Customer Requirements (Analysis)
CAUTION
For a given set of customer requirements, Sun Cluster 3.0 hardware applications are implemented across many layers, each layer having several aspects that need to be considered when proposing a solution. Only a comprehensive analysis of the customer's application requirements combined with a thorough knowledge of Sun Microsystems products and services can ensure that the cluster solution meets the customer's internal service level agreement (SLA). An incomplete analysis often leads to a poorly functioning cluster that adds little value to the customer's business and actually increases their cost of ownership. Dissatisfied customers are unlikely to purchase further clusters from Sun Microsystems. See ''References'' on page 19 for additional references.
Architectural Limitations
The Sun Cluster 3.0 hardware architecture is able to provide the highest levels of availability for hardware, operating system, and applications without compromising data integrity. The Sun Cluster 3.0 hardware environment (for example, hardware, operating environment, framework, API, and applications) can be customized to create HA applications.

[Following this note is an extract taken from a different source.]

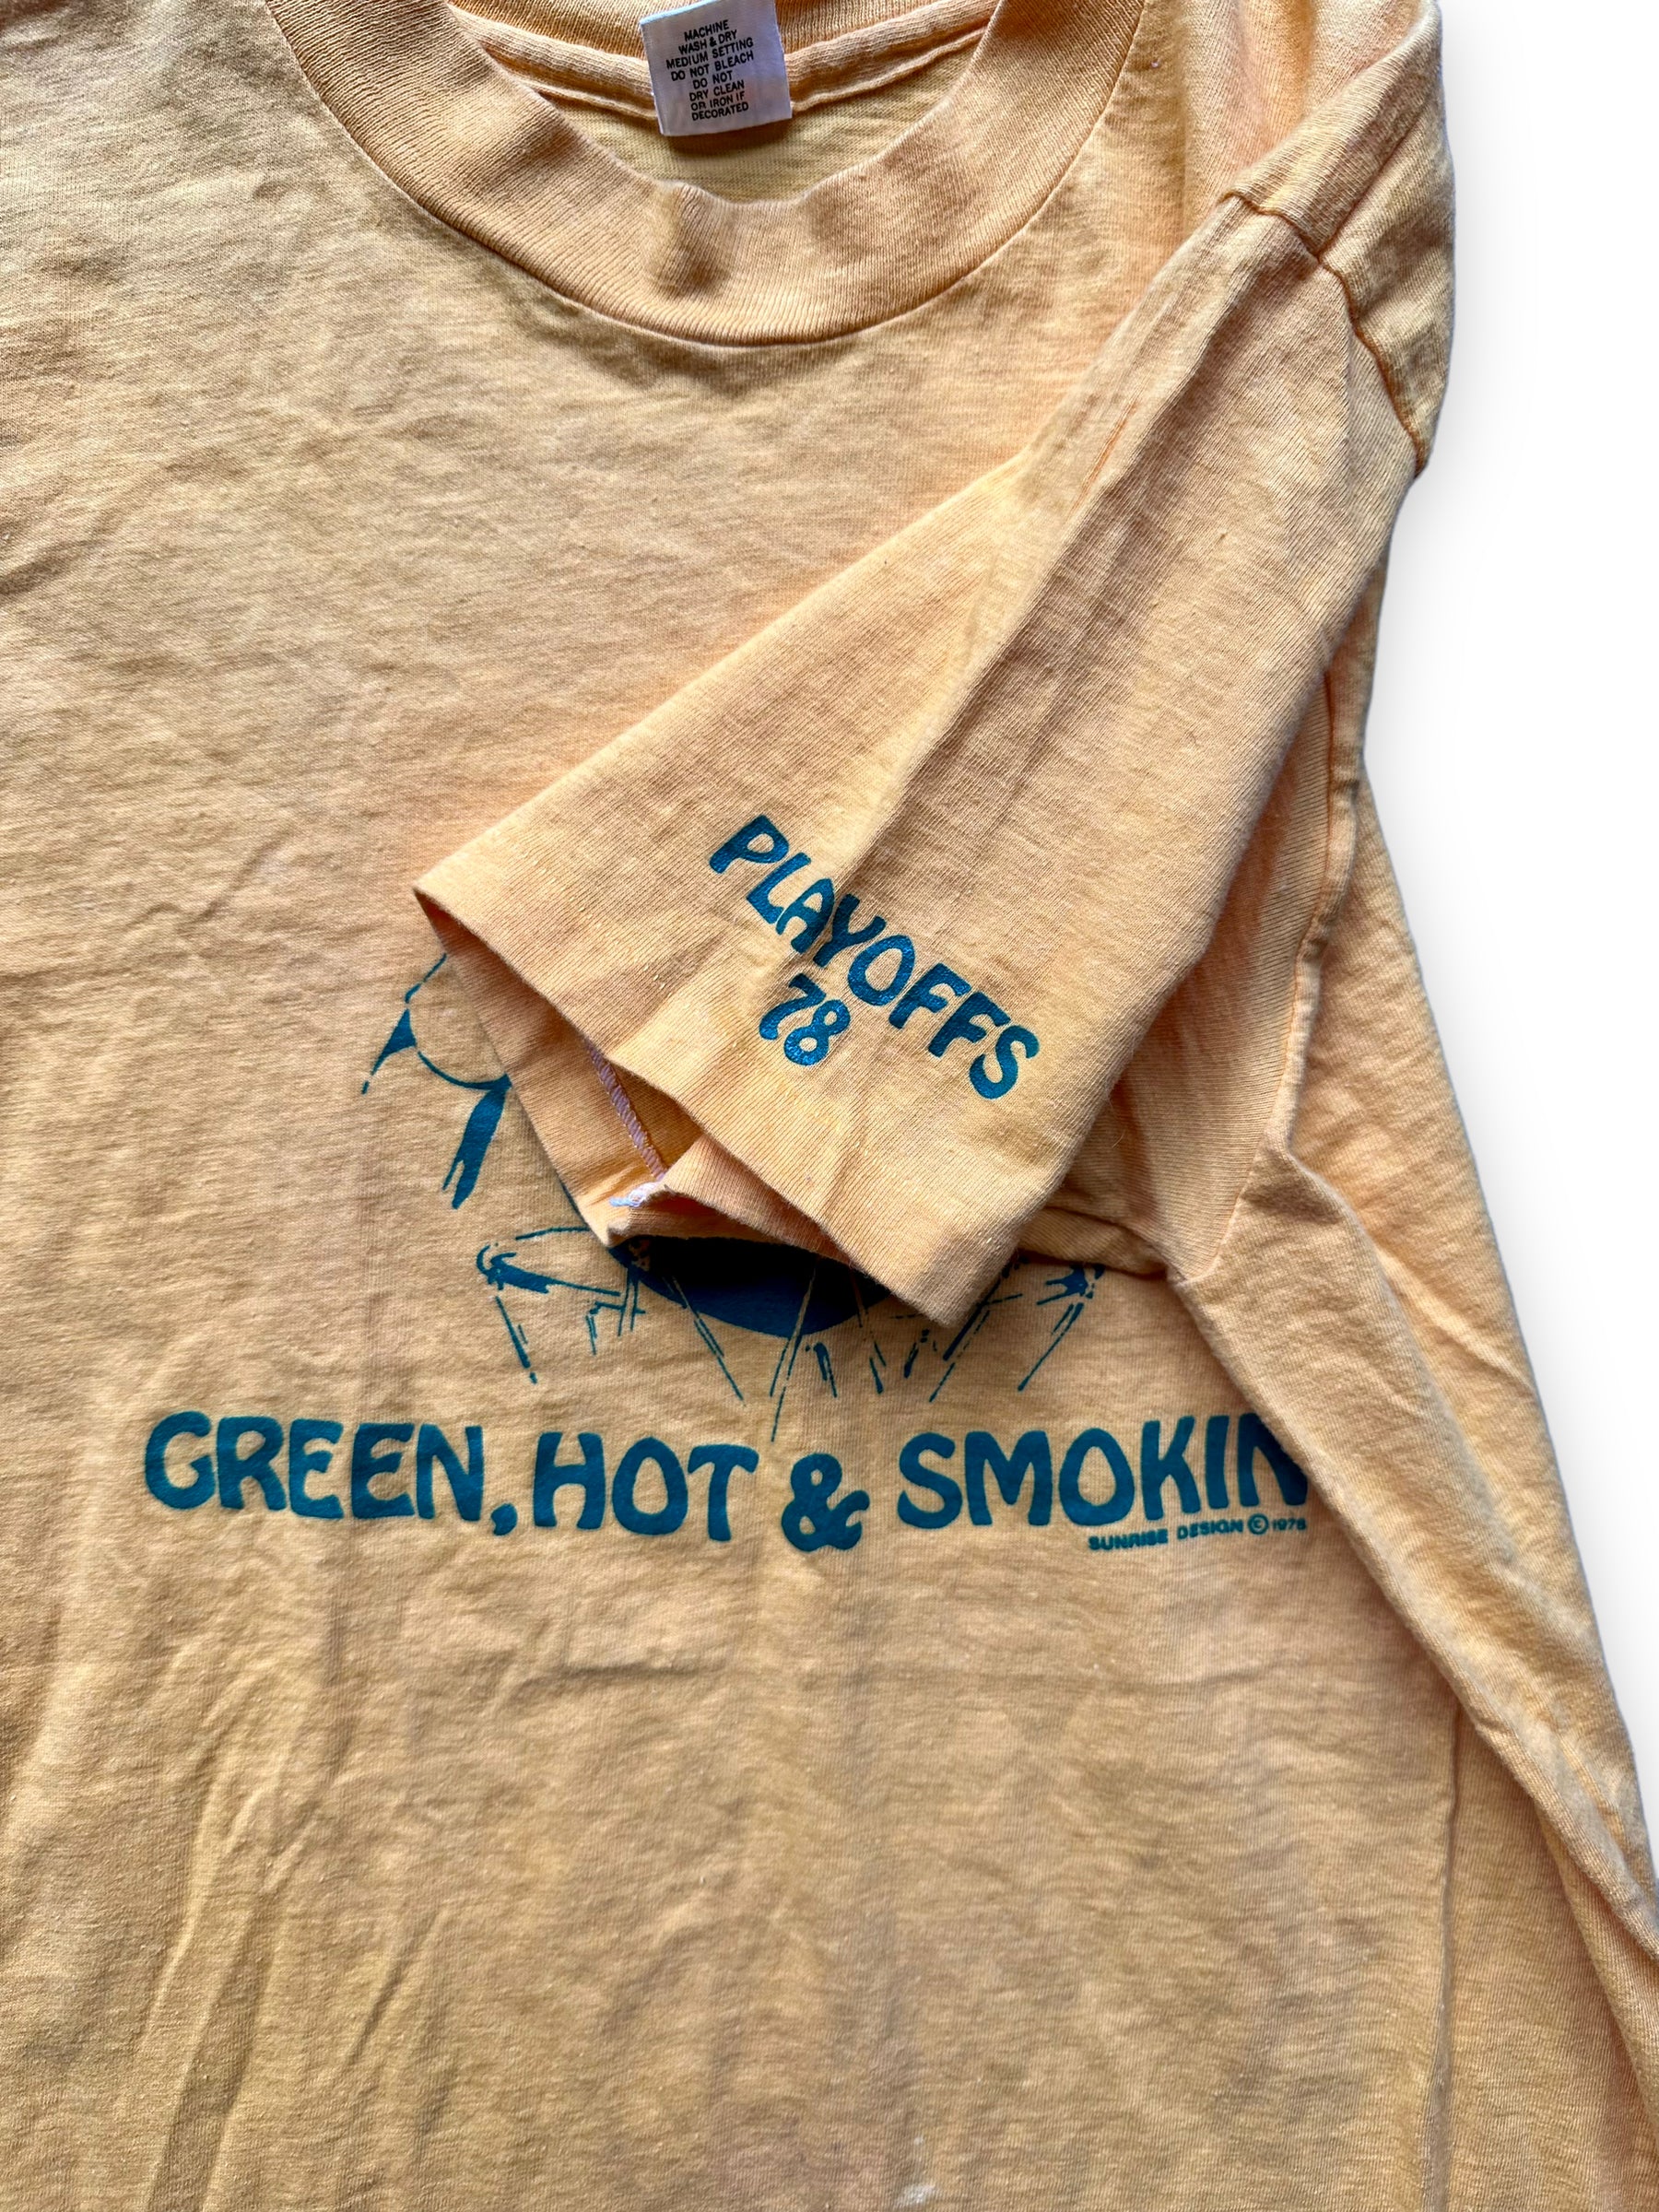 Playoffs 78 Call Out On Sleeve of Vintage 1978 Seattle Supersonics Green, Hot & Smoking Playoff Tee SZ M | Vintage Seattle SuperSonics Tees | Barn Owl Vintage
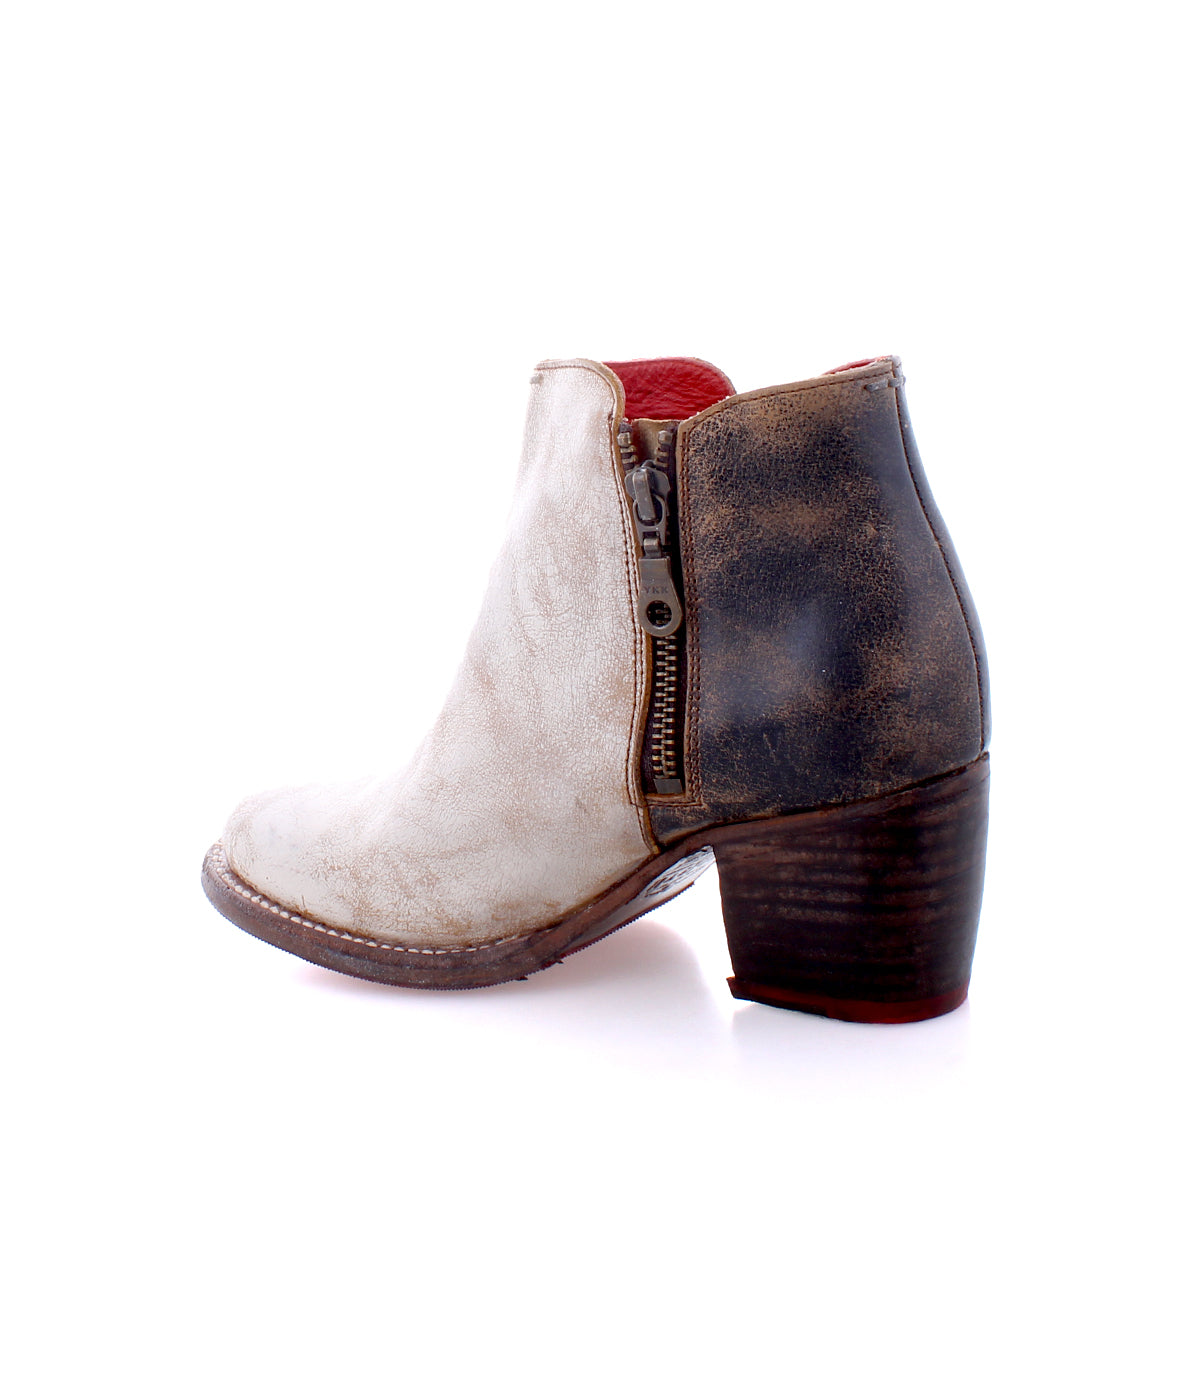 A women's ankle boot with a durable leather construction and side zipper, the Bed Stu Yell.

Regardless of design, any software or hardware has physical or technical limitations. The Sun Cluster 3.0 hardware setup environment can be used in varying hardware and software configurations. However, before implementing the Sun Cluster 3.0 software, it is important to understand limitations of the product.
Configuring Clusters for HA: Primary Considerations
The primary configuration and planning considerations for HA applications and databases include identifying requirements for: software versions and features, boot environment, shared storage, and data services and their agents.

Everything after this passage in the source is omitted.